L’analista inglese Colin Trainor, sul suo blog stasbomb, ha analizzato i numeri della difesa della Roma dopo Roma-Udinese, utilizzando una formula che calcola la pericolosità dei tiri in base ad alcuni parametri tra cui il numero totale e la posizione. Stando ai numeri sarebbe stato logico aspettarsi che la Roma subisse qualche gol in più di dell'unico gol subito al tempo di quell’analisi (e che ne avesse segnato qualcuno in meno, considerando che molti tiri dei giallorossi provengono da lontano). È vero che la Roma costringe le squadre avversarie a tirare da fuori area (il dato aggiornato con le ultime partite è il 68% dei tiri totali; Juve e Napoli si avvicinano con il 61% e 60%), che i tiri da dentro l’area sono solo una percentuale ridotta (31%) e che una porzione ridicolmente bassa (1%) arriva da dentro l’area piccola (Napoli e Inter arrivano al 4%); ma in generale la Roma subisce più tiri a partita (11,2) della Juventus (8) che però ha subito più del triplo dei suoi gol. L’Inter che subisce più o meno gli stessi tiri (11,3) ha preso il quadruplo esatto dei gol della Roma.

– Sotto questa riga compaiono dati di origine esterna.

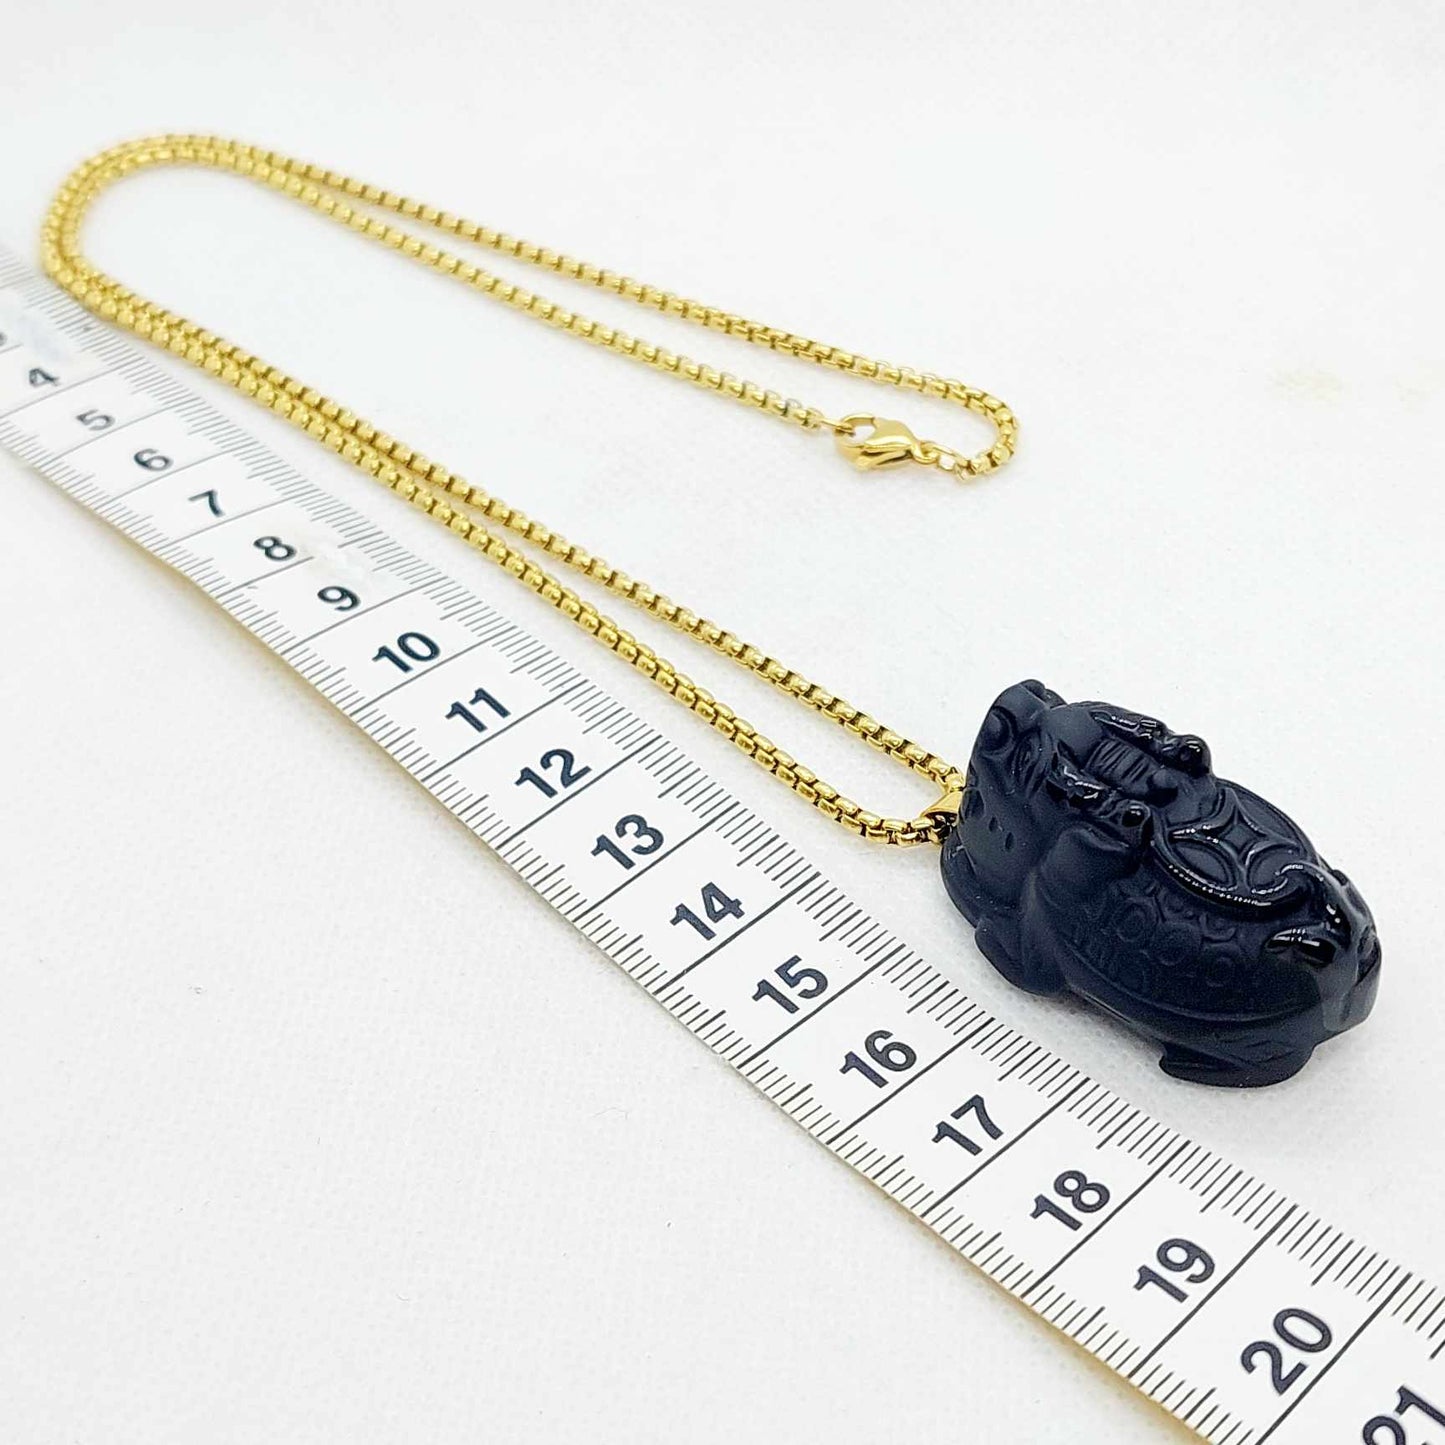 Natural Obsidian Dragon Turtle Pendant with Gold Plated Stainless Steel Chain Necklace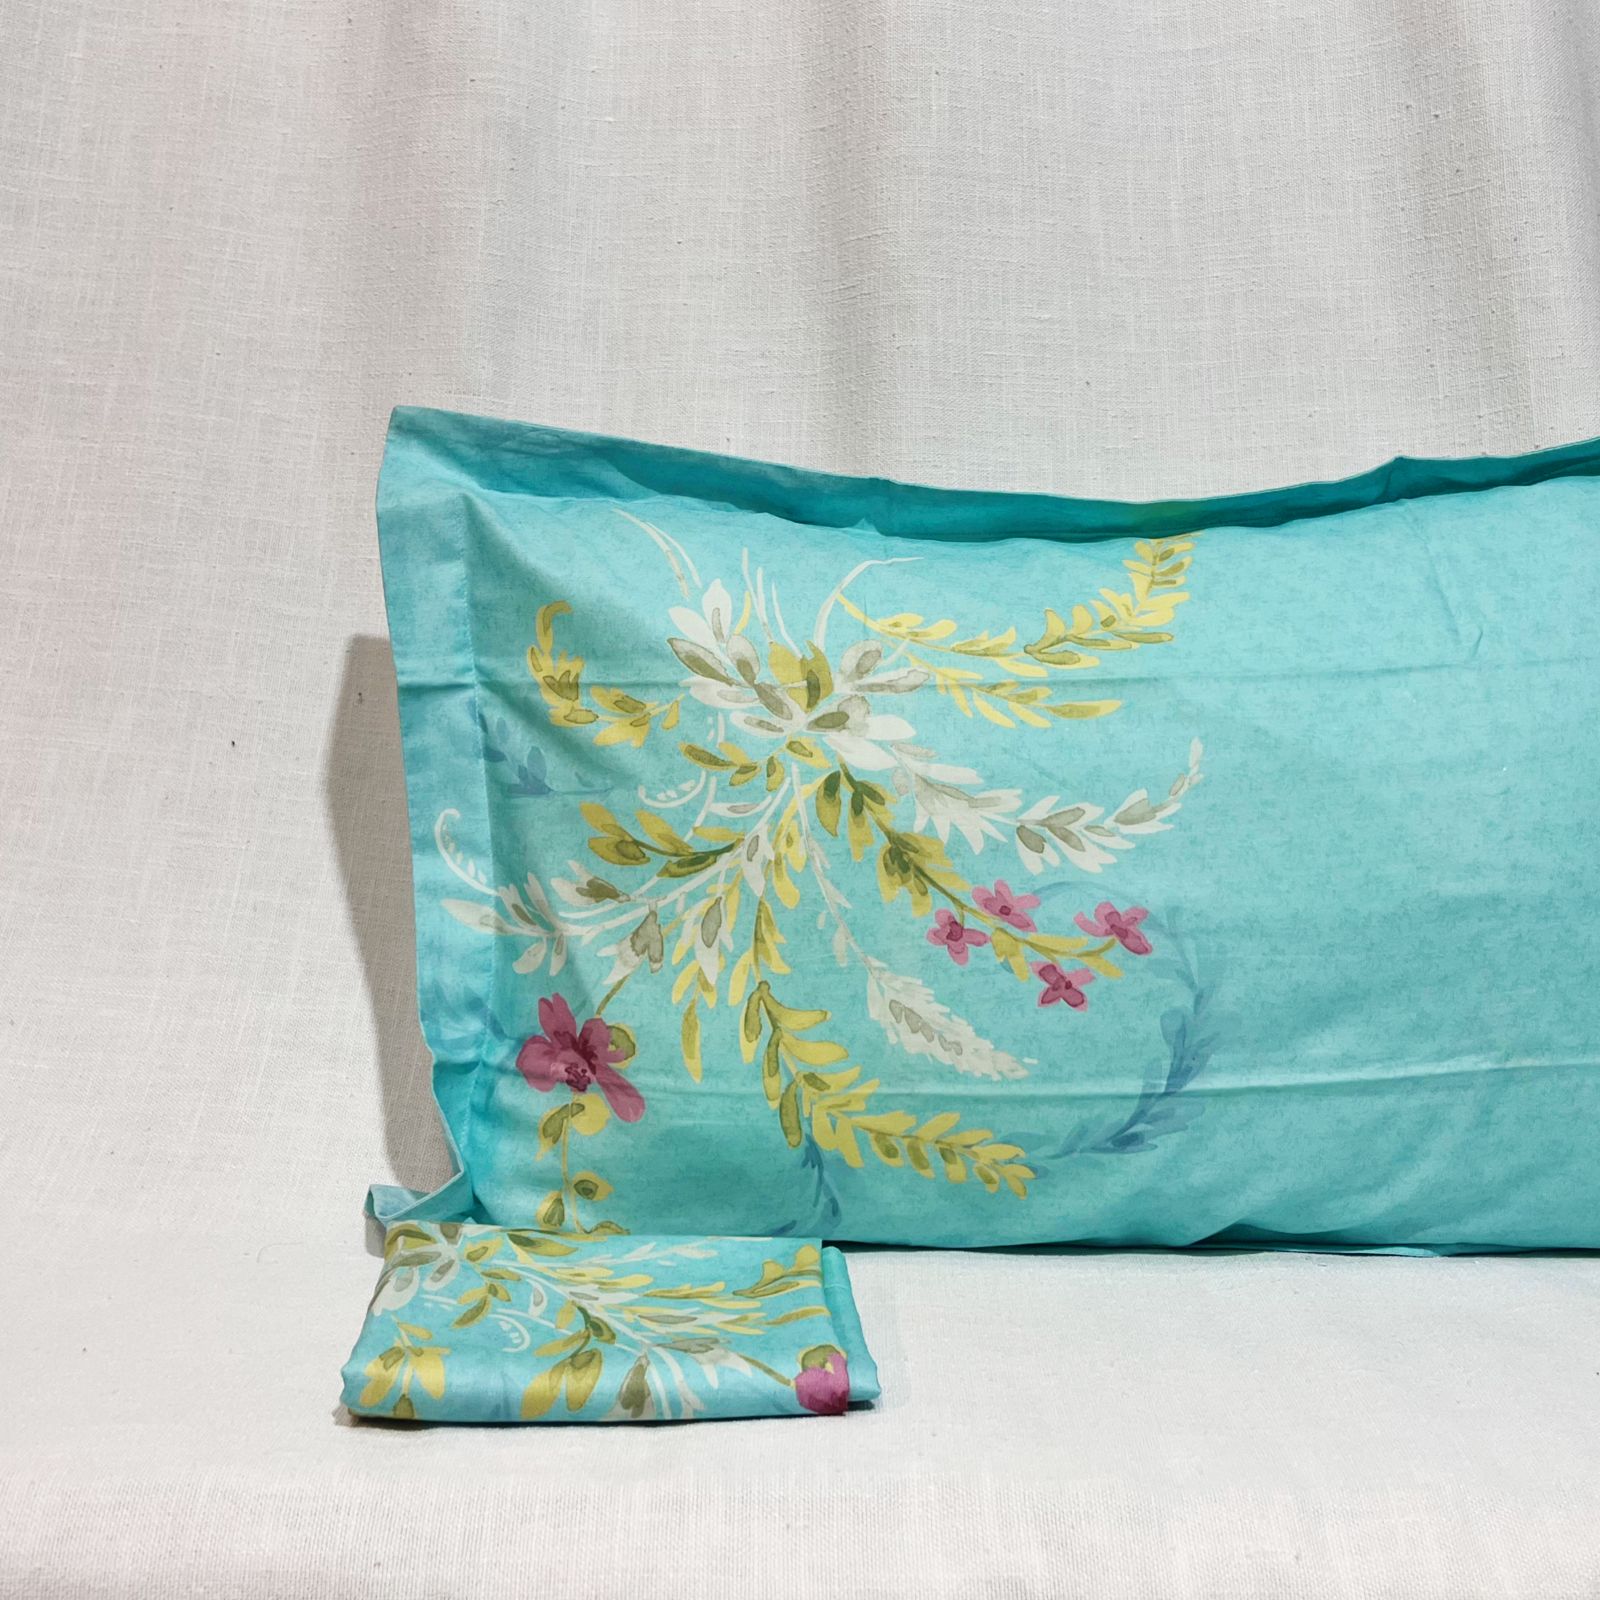 Pillow Cover with size of 43cm x 68cm (17" x 27")

I tiri subiti dalla Roma, in cui spicca il gran numero di tiri respinti (in nero) e la quasi totale assenza di puntini nell'aria piccola. Si nota anche che i pali di Guarin e Muriel erano in realtà tiri particolarmente belli da fuori.
Il dato interessante secondo Colin Trainor è quello dei tiri respinti (da giocatori che non sono il portiere). La Roma respinge 4 tiri a partita: la Juve 1,5, il Napoli 2,9, l’Inter 2,6 e la Fiorentina 3,6. Sui 134 tiri subiti ne è stato respinto il 35% (ai tempi del pezzo di Trainor la Roma faceva ancora meglio bloccando il 41% dei tiri totali, il Catania che a quei tempi era secondo con il 30%, nel frattempo è sceso al 21,4%). La considerazione di Trainor, ancora valida, a partire dal numero di tiri respinti è che magari la Roma non lascia tirare mai completamente senza pressione, anche quando un difensore non riesce a respingere il tiro l’attaccante è spinto all’errore.
Insomma, non c’è niente che spieghi davvero il miracolo delle 10 partite vinte subendo solo 1 gol, o delle 12 partite senza sconfitta con appena 3 gol incassati; così come non c’è da stupirsi se la Roma ha subito due gol in due partite consecutive. C’era da aspettarsi che le cose si normalizzassero, e a mio avviso i problemi in attacco hanno contribuito a quelli difensivi. Anche una rosa competitiva di soli dodici/tredici giocatori è un limite oggettivo (contro il Sassuolo hanno finito in avanti Marquinho, Ljajić e Caprari) per la corsa al titolo, ma non va dimenticato che fino a qualche mese avrebbe suonato ridicolo anche solo parlare di “corsa al titolo”.
La Roma di Rudi è già così, secondo me, la Roma migliore dai tempi di Spalletti. Certo, Rudi non le vincerà tutte, prenderemo magari qualche gol evitabile, pareggeremo ancora (sempre) in casa con delle neopromosse, ma chi ha pensato che il calcio si fosse fermato lo scorso 26 maggio si sbagliava. Non aveva ancora guardato Rudi negli occhi.